Dataset excerpt>
○ ○ ○ ○

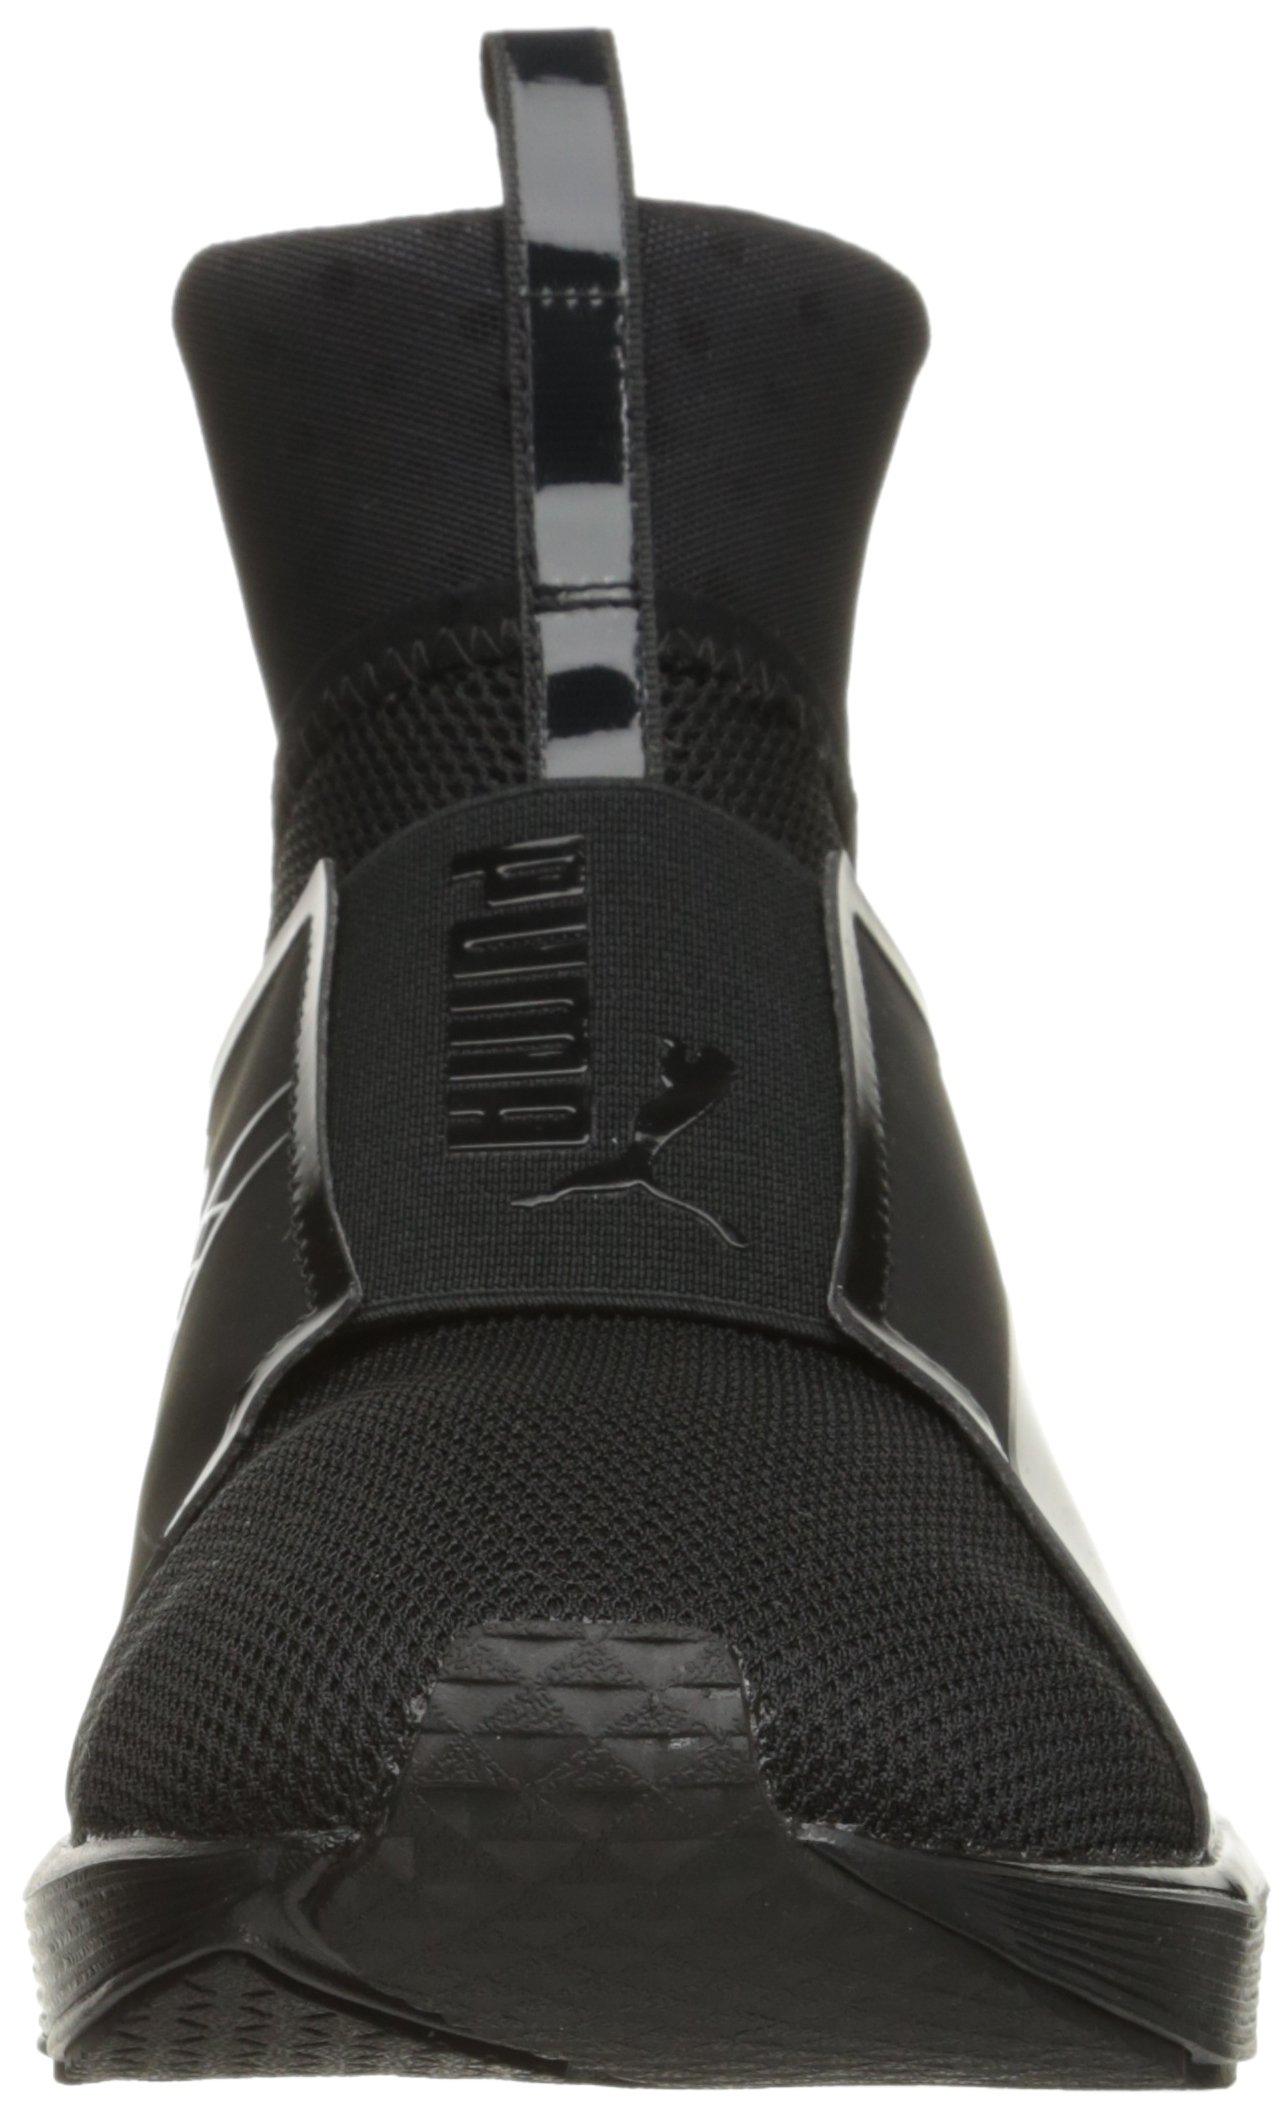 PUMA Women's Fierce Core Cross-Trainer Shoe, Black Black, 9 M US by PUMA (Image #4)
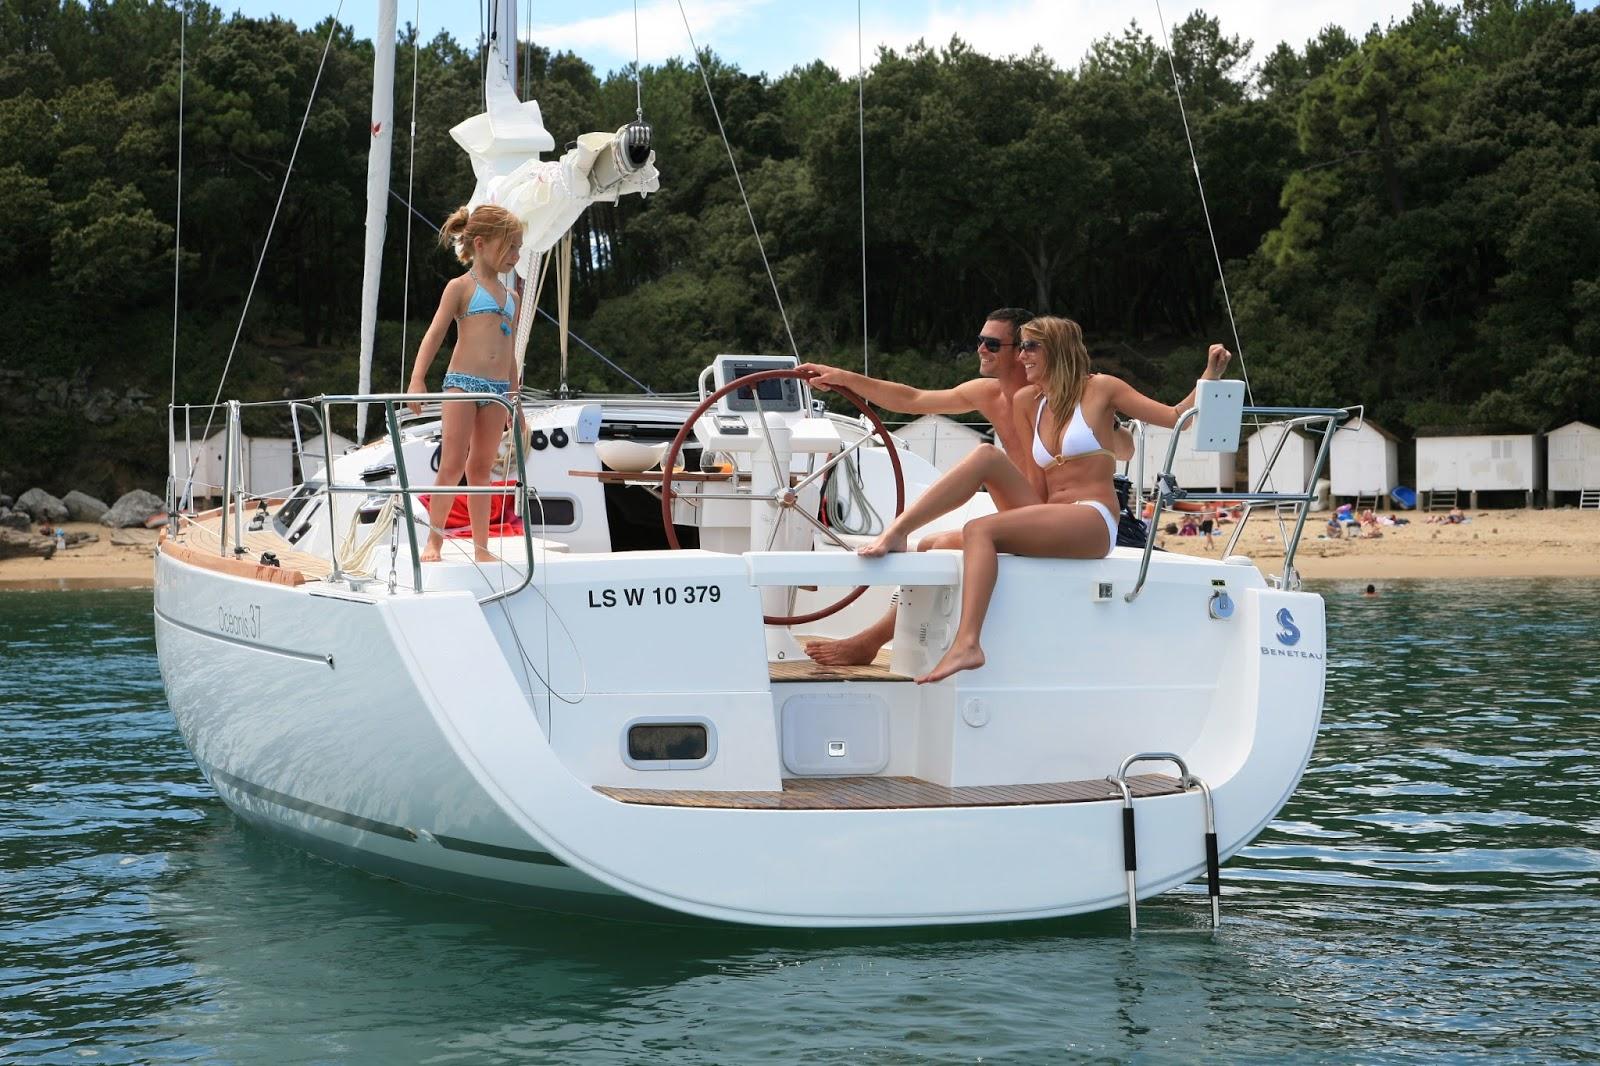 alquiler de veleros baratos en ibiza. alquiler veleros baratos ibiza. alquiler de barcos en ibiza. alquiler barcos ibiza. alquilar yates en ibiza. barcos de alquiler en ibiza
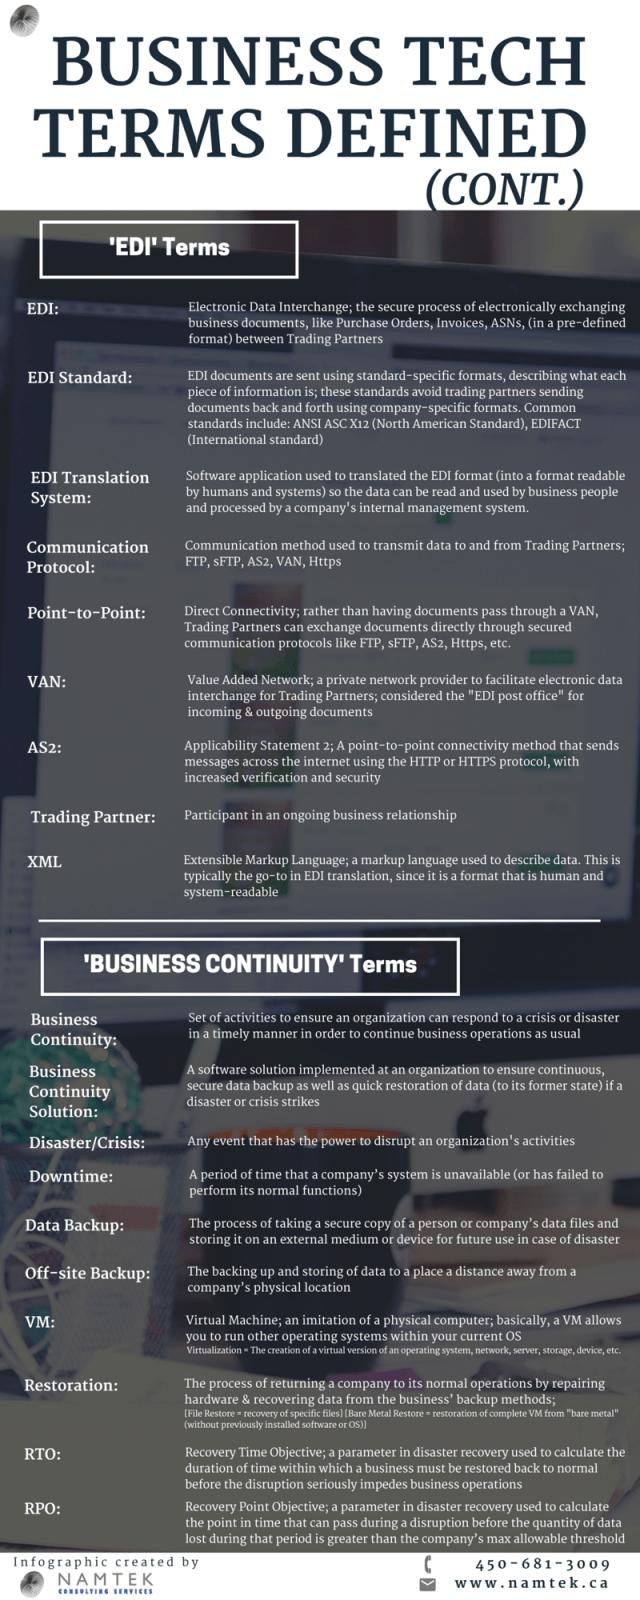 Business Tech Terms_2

○ ○ ○ ○

The task> Counting the line with "alquiler de veleros" and the last line of the data above, transcribe those two lines and every line between them exactly, without the pictures.

Response to this task>
 alquiler de veleros baratos en ibiza. alquiler veleros baratos ibiza. alquiler de barcos en ibiza. alquiler barcos ibiza. alquilar yates en ibiza. barcos de alquiler en ibiza
 Business Tech Terms_2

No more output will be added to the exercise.